The very same proposal for practically the same amount in the taxable wage base is part of the administration's proposal for financing the health benefit. And you can't finance both things from the same source.

What has happened to the disability benefit is a glaring example of what I am talking about. It was started only in 1956, and at that time was available only to disabled people who were 50 years old or older. In just the short time since then, that age floor has already been taken out and it is available to anyone at any age.

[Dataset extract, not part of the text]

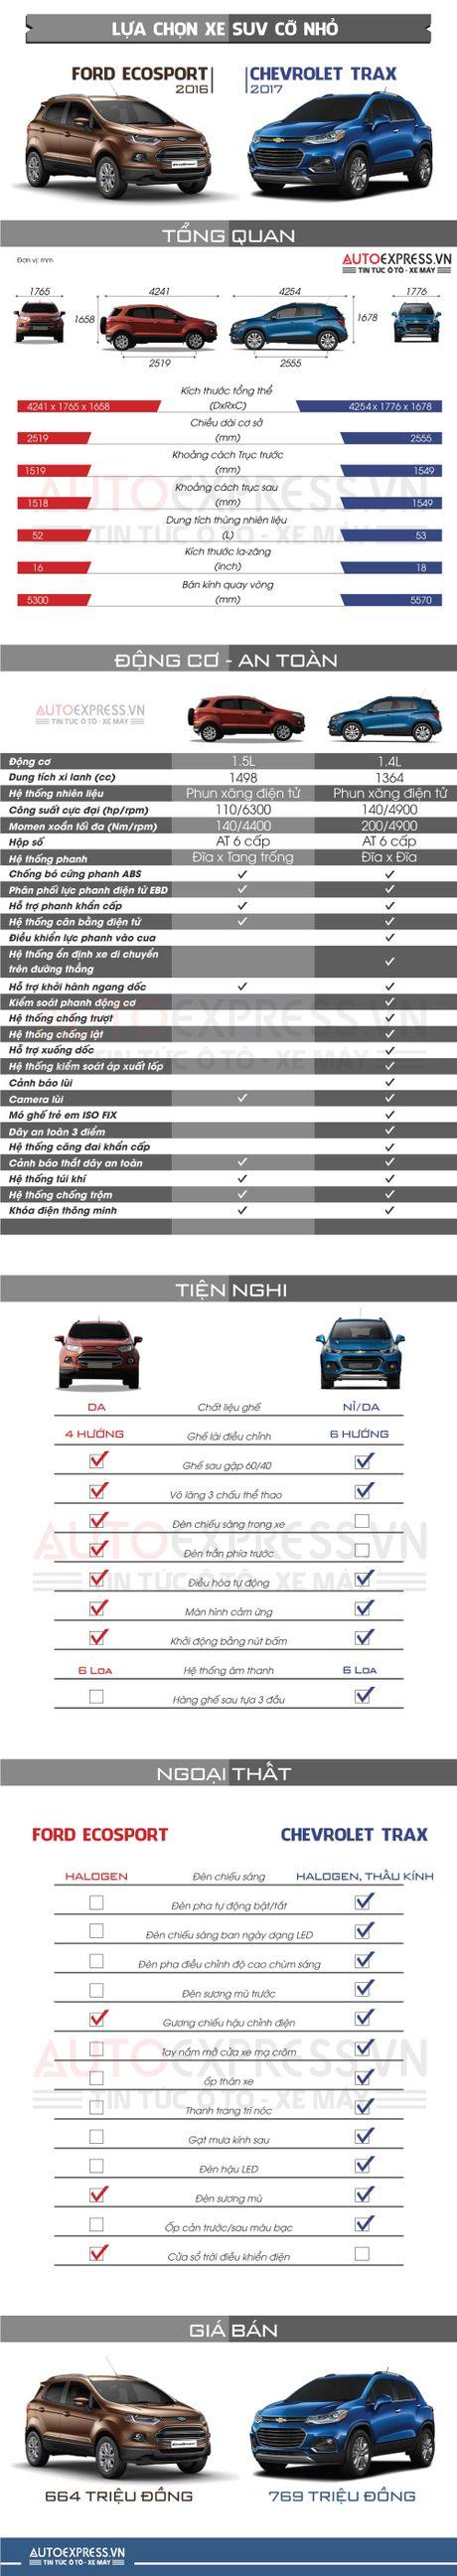 Chevrolet Trax co gi de dau Ford Ecosport tai Viet Nam? - Anh 1

I feel absolutely certain that the health care program, even though it starts out at 65, would inevitably be extended before long to all people receiving social security benefits, which include many dependents under 65. It would be lowered as far as the actual principal beneficiaries are concerned to lower ages, and probably eventually the age limit would be off entirely. The financial implications of that are incredible.

Do you have any specifics as to financial implications?

The medical care plan which is being proposed by the administration is similar to a plan that was proposed for several years by Representative Aime Forand. Known as the Forand bill, it would have provided the hospital benefits to anyone receiving social security benefits, including dependents, and it was estimated that in just 10 years the Forand bill would be costing $8 billion a year.

Would it be likely that the health plan would be broadened to pay for even more of the cost of people's sicknesses?

Definitely yes. It has been customary in private health insurance plans, no matter how modest a scale they started on, to extend them to cover surgical and medical benefits. There is no surgical benefit in this plan at all.

There is also a tendency to extend them to drug benefits. There is no provision for providing drugs except as they might be an incidental part of the hospital care.

We are all familiar with the controversies they have had in England over paying for false teeth and for wigs, but these aren't ridiculous items at all as far as what is probable in extending this plan.

Many private health insurance plans as a result of many rounds of negotiations now include psychiatric care. If you begin getting that sort of thing into a publicly financed plan the sky is the limit as to what it might cost.

This matter of the deductibles is something I feel is likely to last a very short time if the bill passes because there will be highly publicized cases of individuals who are not able to come up with that $50 or $75 or something of that kind.

The same thing is true on the time limits on the stay in the hospital. People may be glad to have any benefit at all at the start, but when you have highly publicized cases of people who have to be moved out of the semiprivate rooms that they are entitled to under the bill, have to be moved out because they are sick longer than their benefit lasts, there will be demands that those time limits be extended or eliminated.